Of course what matters the most in the NAR's existing home sales report is inventory. It is active inventory that impacts prices (although the "shadow" inventory will keep prices from rising). For existing home sales, look at inventory first and then at the percent of conventional sales.
The NAR reported inventory increased to 2.47 million units in August, up from 2.40 million in July. This is down 18.2% from August 2011, and down 13% from the inventory level in August 2005 (mid-2005 was when inventory started increasing sharply). This is about the same level for inventory as in August 2004.
I expect that the largest year-over-year declines in inventory are now behind us. It is very likely that each reported price increase will be met with more supply from sellers "waiting for a better market". I don't expect prices to fall to new lows in most areas, but this new inventory will probably limit any price increases.
Important: The NAR reports active listings, and although there is some variability across the country in what is considered active, most "contingent short sales" are not included. "Contingent short sales" are strange listings since the listings were frequently NEVER on the market (they were listed as contingent), and they hang around for a long time - they are probably more closely related to shadow inventory than active inventory. However when we compare inventory to 2005, we need to remember there were no "short sale contingent" listings in 2005. In the areas I track, the number of "short sale contingent" listings is also down sharply year-over-year.
Click on graph for larger image.
The following graph shows inventory by month since 2004. In 2005 (dark blue columns), inventory kept rising all year - and that was a clear sign that the housing bubble was ending.
This year (dark red for 2012) inventory is at the lowest level for the month of August since 2003, and inventory is below the level in August 2005 (not counting contingent sales). However inventory is still slightly elevated using months-of-supply, but I expect months-of-supply to be below 6 later this year.
The following graph shows existing home sales Not Seasonally Adjusted (NSA).
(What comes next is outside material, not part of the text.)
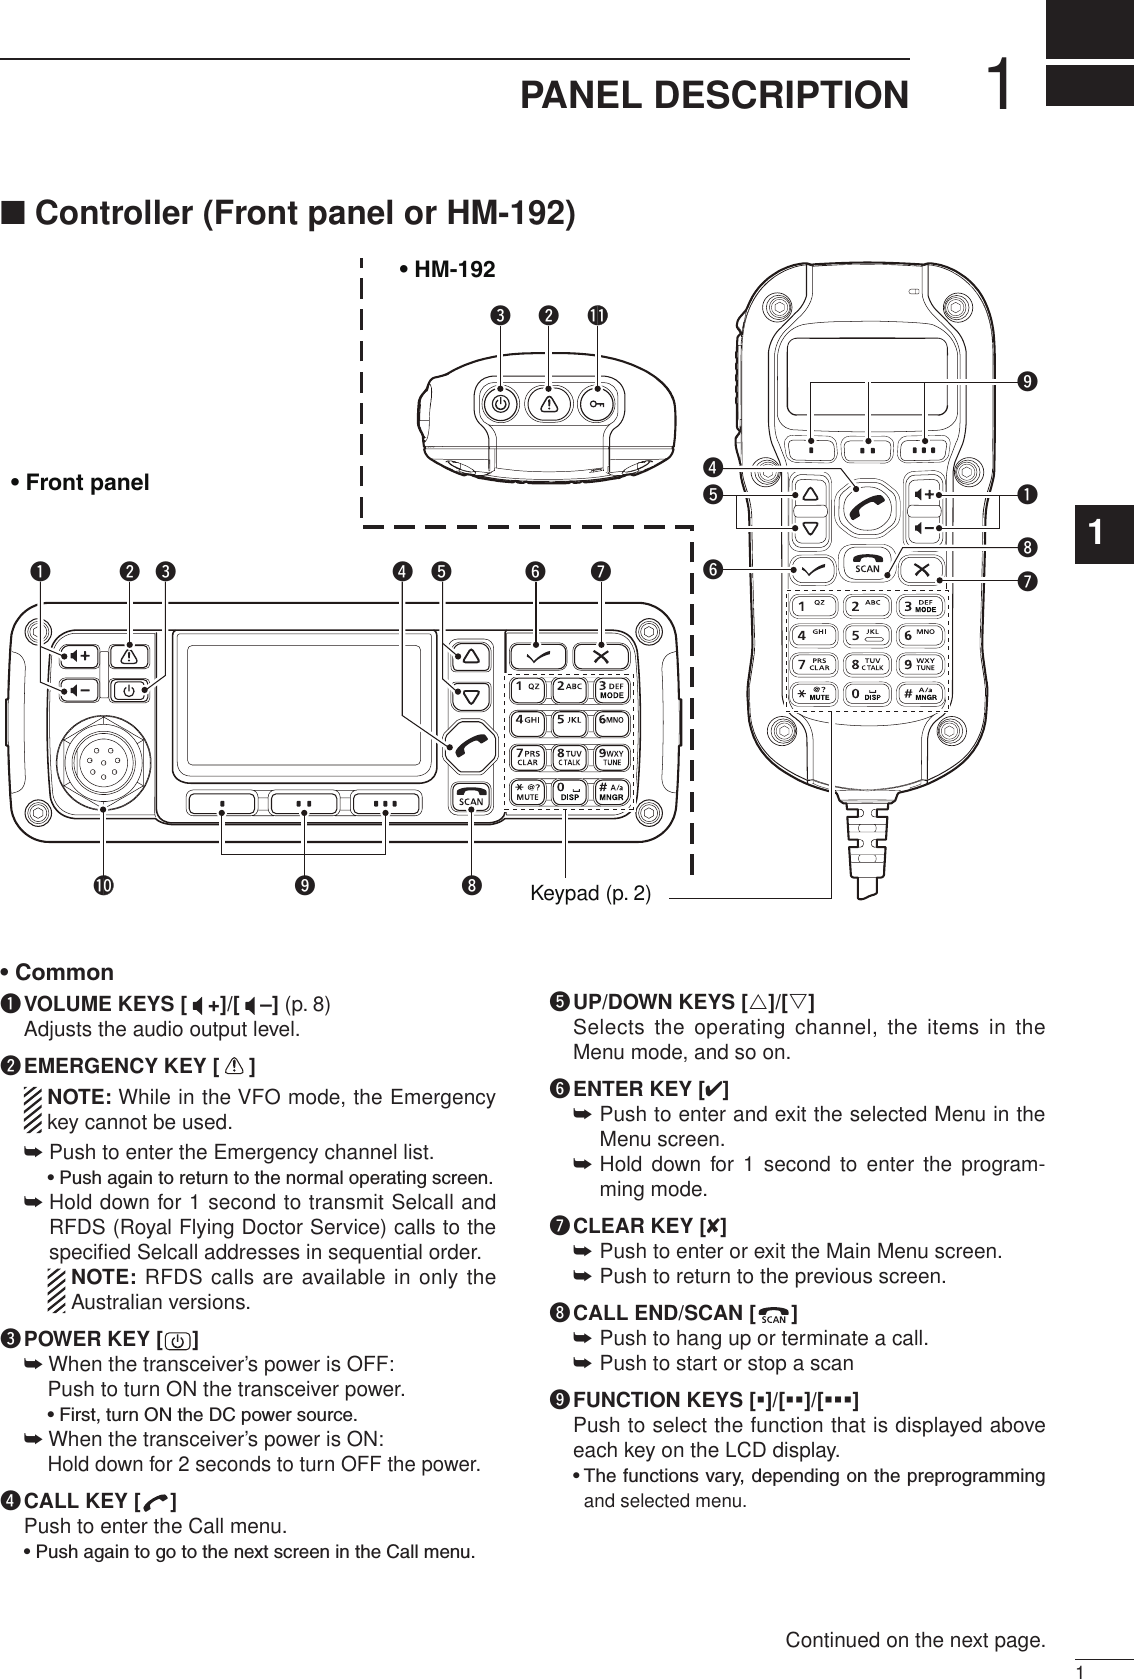 11PANEL DESCRIPTION2001 NEW1234567891011121314151617Quick Referenceq VOLUME KEYS [ +]/[ –] (p. 8)Adjusts the audio output level.w EMERGENCY KEY [ ]   NOTE: While in the VFO mode, the Emergency key cannot be used.➥  Push to enter the Emergency channel list.    •  Push again to return to the normal operating screen.➥  Hold down for 1 second to transmit Selcall and RFDS (Royal Flying Doctor Service) calls to the speciﬁed Selcall addresses in sequential order.    NOTE: RFDS calls are available in only the Australian versions.e POWER KEY [ ] ➥  When the transceiver’s power is OFF:    Push to turn ON the transceiver power.    • First, turn ON the DC power source. ➥  When the transceiver’s power is ON:  Hold down for 2 seconds to turn OFF the power.r CALL KEY [ ]Push to enter the Call menu.  •  Push again to go to the next screen in the Call menu.t UP/DOWN KEYS [r]/[s]Selects the  operating channel,  the items in the Menu mode, and so on.y ENTER KEY [4] Push to enter and exit the selected Menu in the  ➥Menu screen. Hold  down for  1  second  to  enter  the  program- ➥ming mode.u CLEAR KEY [8] Push to enter or exit the Main Menu screen. ➥ Push to return to the previous screen.  ➥i CALL END/SCAN [ ] Push to hang up or terminate a call.  ➥Push to start or stop a scan ➥o FUNCTION KEYS [§]/[§§]/[§§§]   Push to select the function that is displayed above each key on the LCD display.   •  The functions vary, depending on the preprogramming and selected menu.q ww !1eerio!0tyuKeypad (p. 2)qouytri• HM-192• Front panel■ Controller (Front panel or HM-192)•CommonContinued on the next page.

Sales NSA in August (red column) are above the sales for 2008 through 2011. Sales are well below the bubble years of 2005 and 2006, and also below 2007.
Earlier:
• Housing Starts increased to 750 thousand in August
• Existing Home Sales in August: 4.82 million SAAR, 6.1 months of supply
• Existing Home Sales graphs
Existing Home Sales in August: 4.82 million SAAR, 6.1 months of supply
by Calculated Risk on 9/19/2012 10:00:00 AM
The NAR reports: August Existing-Home Sales and Prices Rise
Total existing-home sales, which are completed transactions that include single-family homes, townhomes, condominiums and co-ops, rose 7.8 percent to a seasonally adjusted annual rate of 4.82 million in August from 4.47 million in July, and are 9.3 percent higher than the 4.41 million-unit level in August 2011.Click on graph for larger image.
...
Total housing inventory at the end August rose 2.9 percent to 2.47 million existing homes available for sale, which represents a 6.1-month supply at the current sales pace, down from a 6.4-month supply in July. Listed inventory is 18.2 percent below a year ago when there was an 8.2-month supply.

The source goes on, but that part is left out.